Deputados da CPI do Finor descobriram que projetos agropecuários receberam recursos duas vezes - da Sudene e do Incra. Essa é a conclusão de diligências feitas no Maranhão, Piauí e Rio Grande do Norte em outubro, apresentado na quarta (12) em um relatório assinado por quatro deputados - Avenzoar Arruda (PT-PB), José Pimentel (PT-CE), Múcio Sá (PMDB-RN) e Wellington Dias (PT-PI).

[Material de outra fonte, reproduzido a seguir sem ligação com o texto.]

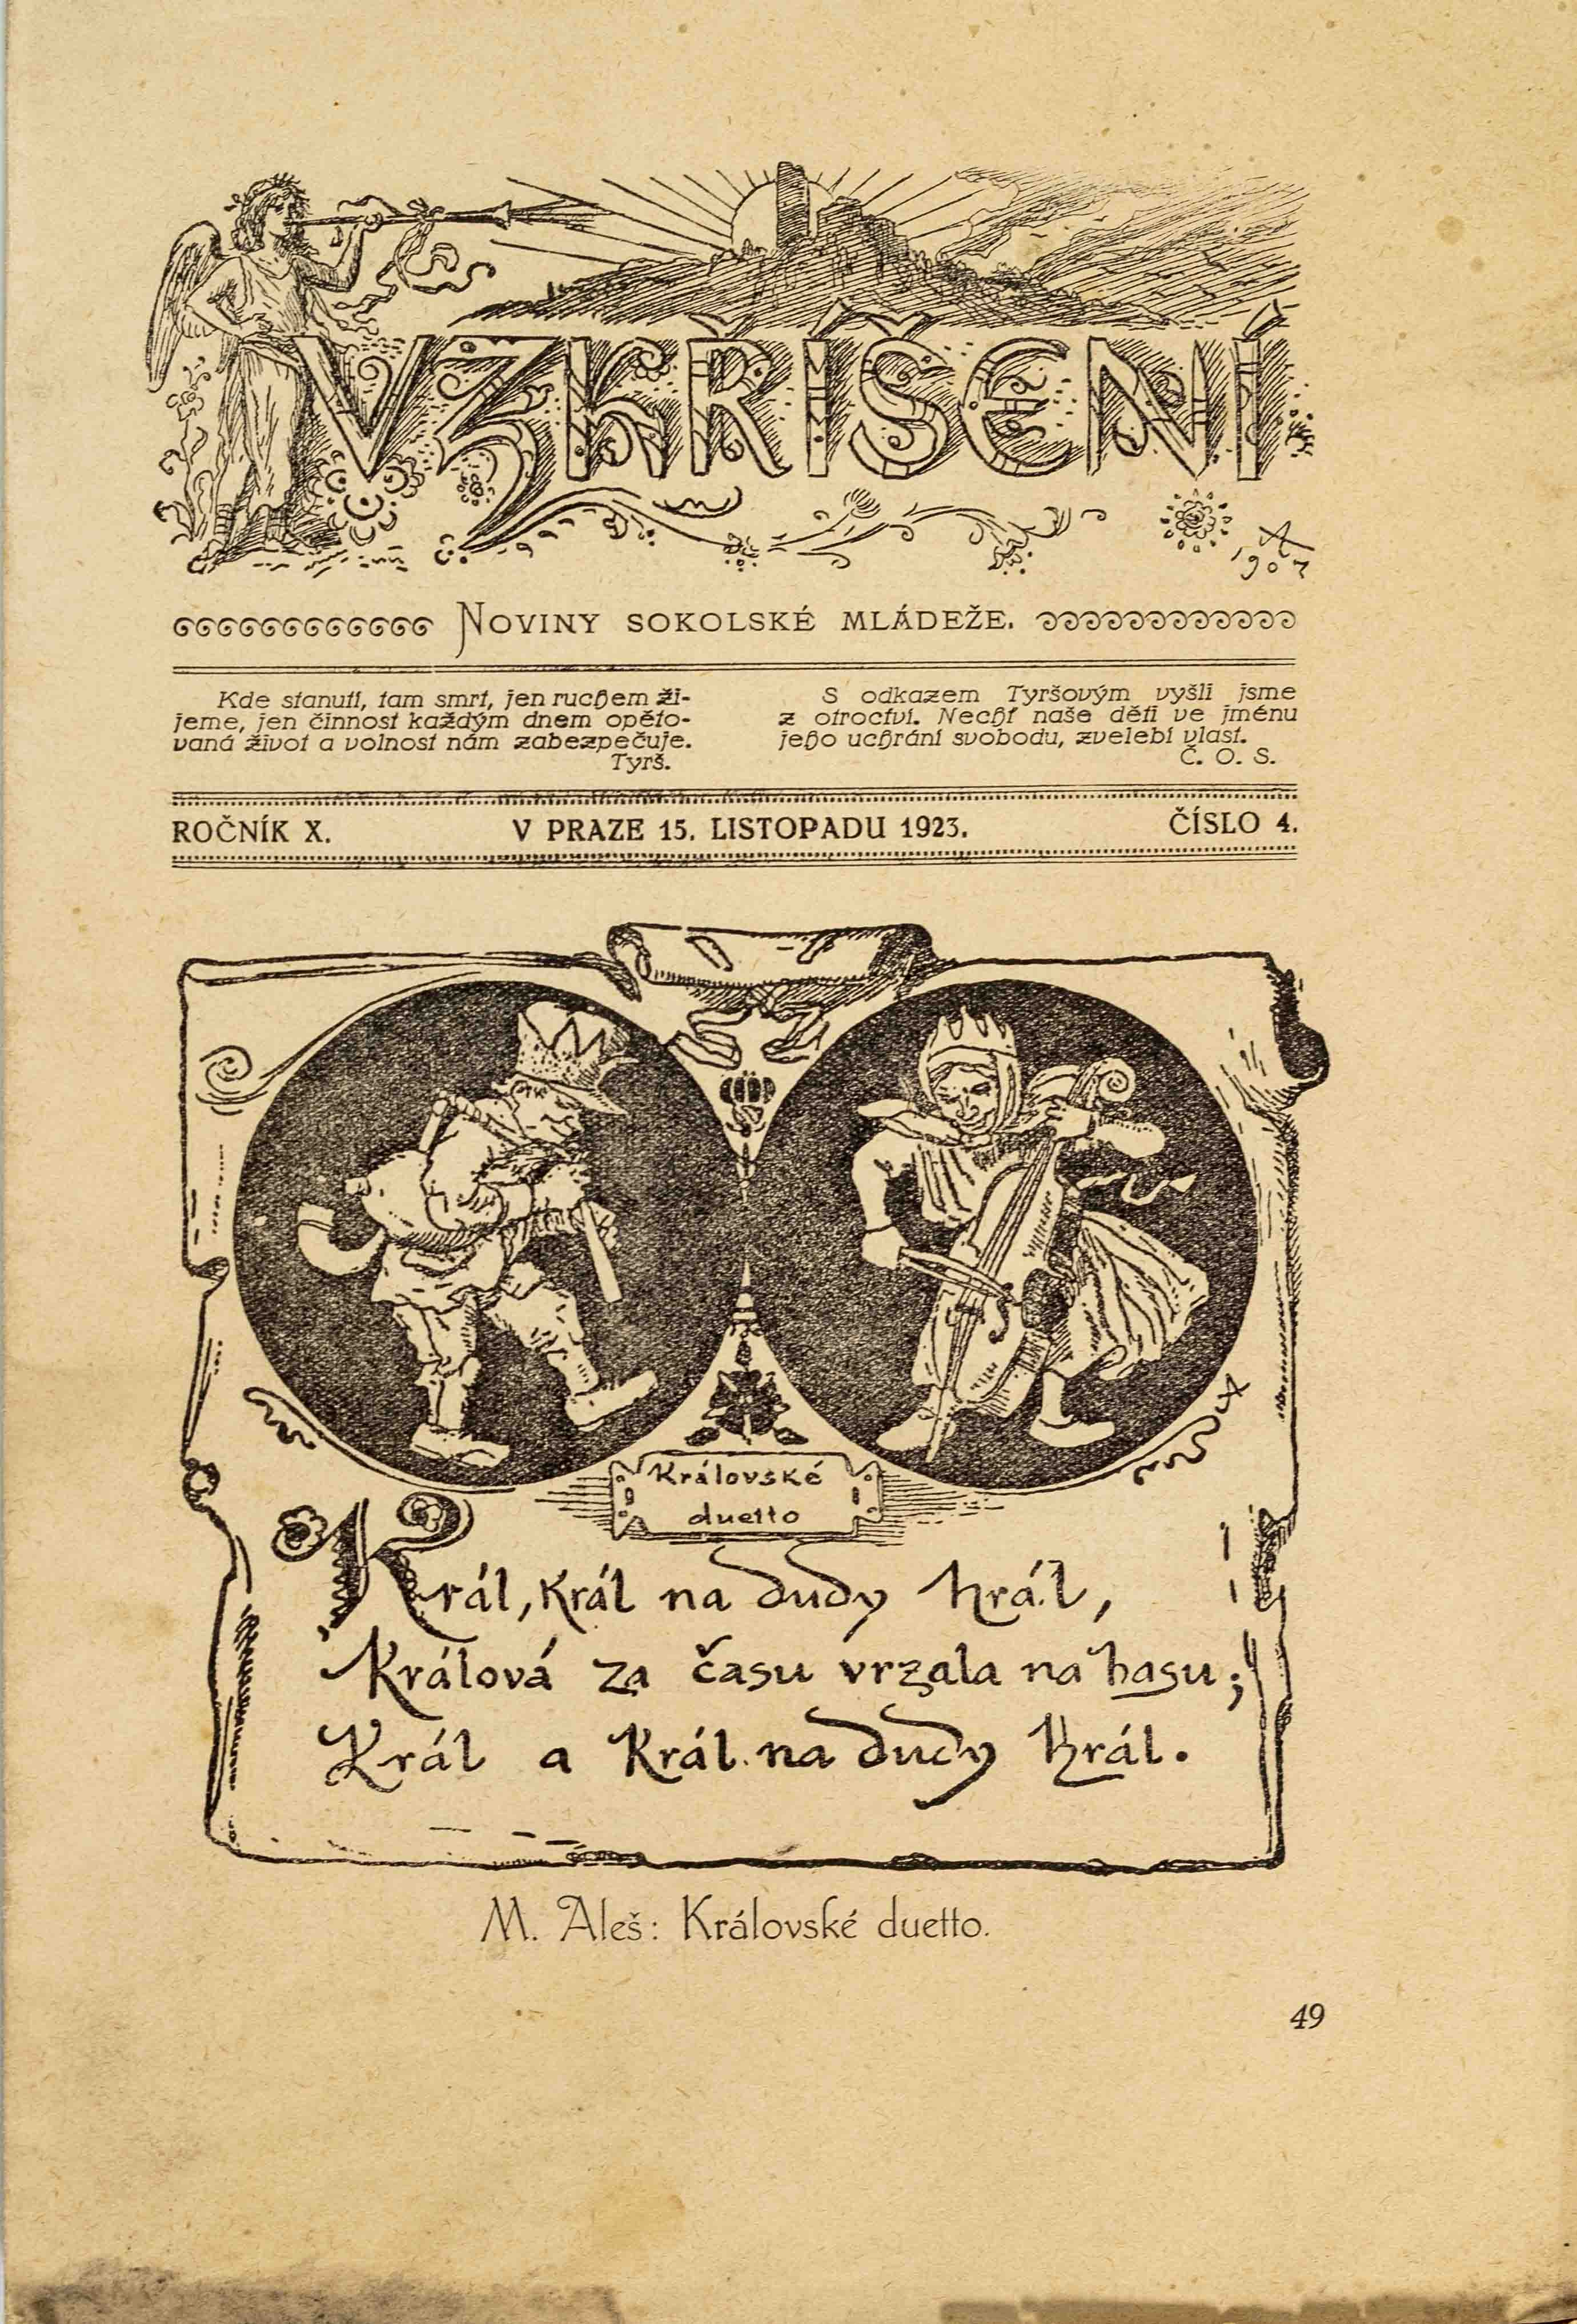 Noviny Vzkříšení - Sokolské mládeže, Listopad 1923, č. 4

A Comissão constatou enormes prejuízos para os cofres públicos, já que projetos financiados, além de abandonados, foram desapropriados e indenizados pelo Governo.
Foram analisados 1.118 projetos agropecuários, que consumiram mais de R$ 3 bilhões em 25 anos de existência do Fundo de Investimento do Nordeste (Finor). Os projetos beneficiados deveriam gerar mais de 75 mil empregos diretos, mas, segundo o Ministério do Trabalho, esse número chegou a apenas 10 mil.
O objetivo dos projetos agropecuários do Finor é fixar o homem no campo e gerar renda na zona rural. Ao invés disso, boa parte dos projetos está hoje abandonada e 90% deles são improdutivos. Um dos projetos, a Capisa - Caucaia Agropecuária S/A, estava orçado em R$ 9,2 milhões, mas recebeu mais que isso: R$ 13,145 milhões. Criada em 1975, a Capisa fica na cidade de Pio IX, no Piauí. As imagens revelam o abandono da fazenda que estava destinada a colher 5 mil quilos de caju e a produzir 44 toneladas de carne. Hoje são mais de 150 casas para colonos vazias, creches e escolas sem funcionar, equipamento corroído pelo tempo. O projeto que era para gerar 156 empregos, tem hoje apenas 14 empregados.
Outro caso assustou os parlamentares. O atual presidente do Banco do Nordeste, Byron Queiroz, é dono de um projeto financiado pelo Finor que dá prejuízos. É a Fazenda Canto do Angico S/A, criada também em 1975. Ele recebeu R$ 4,14 milhões para pecuária e plantação de caju no município de Canto do Buriti, no Piauí. O projeto era para arrecadar R$ 5,6 milhões por ano. Mas em 99, a receita foi de apenas R$ 38 mil - 2% do previsto.
Os deputados descobriram também que os empresários estão lesando os cofres públicos duas vezes. Uma porque o dinheiro do Finor não é bem aplicado, não gera produção nem empregos. Outra porque, quando abandonado, os terrenos são desapropriados pelo próprio Governo, através do Incra, que paga de novo uma indenização ao empresário.
Alguns empresários não ficaram satisfeitos e pediram mais. É o caso do ex-dono da Mobrasa - Morro do Sobrado Agroindustrial S/A, que fica em Pernambuco. Edilson Carmo de Carvalho achou pouco a indenização de R$ 1,3 milhão que o Incra pagou pela desapropriação da fazenda, entrou na Justiça, e conseguiu mais R$ 400 mil. Em valores corrigidos, o empresário já havia recebido R$ 8,16 milhões. Foram quase R$ 10 milhões por esse terreno, onde o Incra está construindo casas para assentados. "Aqui deveriam existir 23 mil cabeças de gado", afirmou José Pimentel (PT-CE).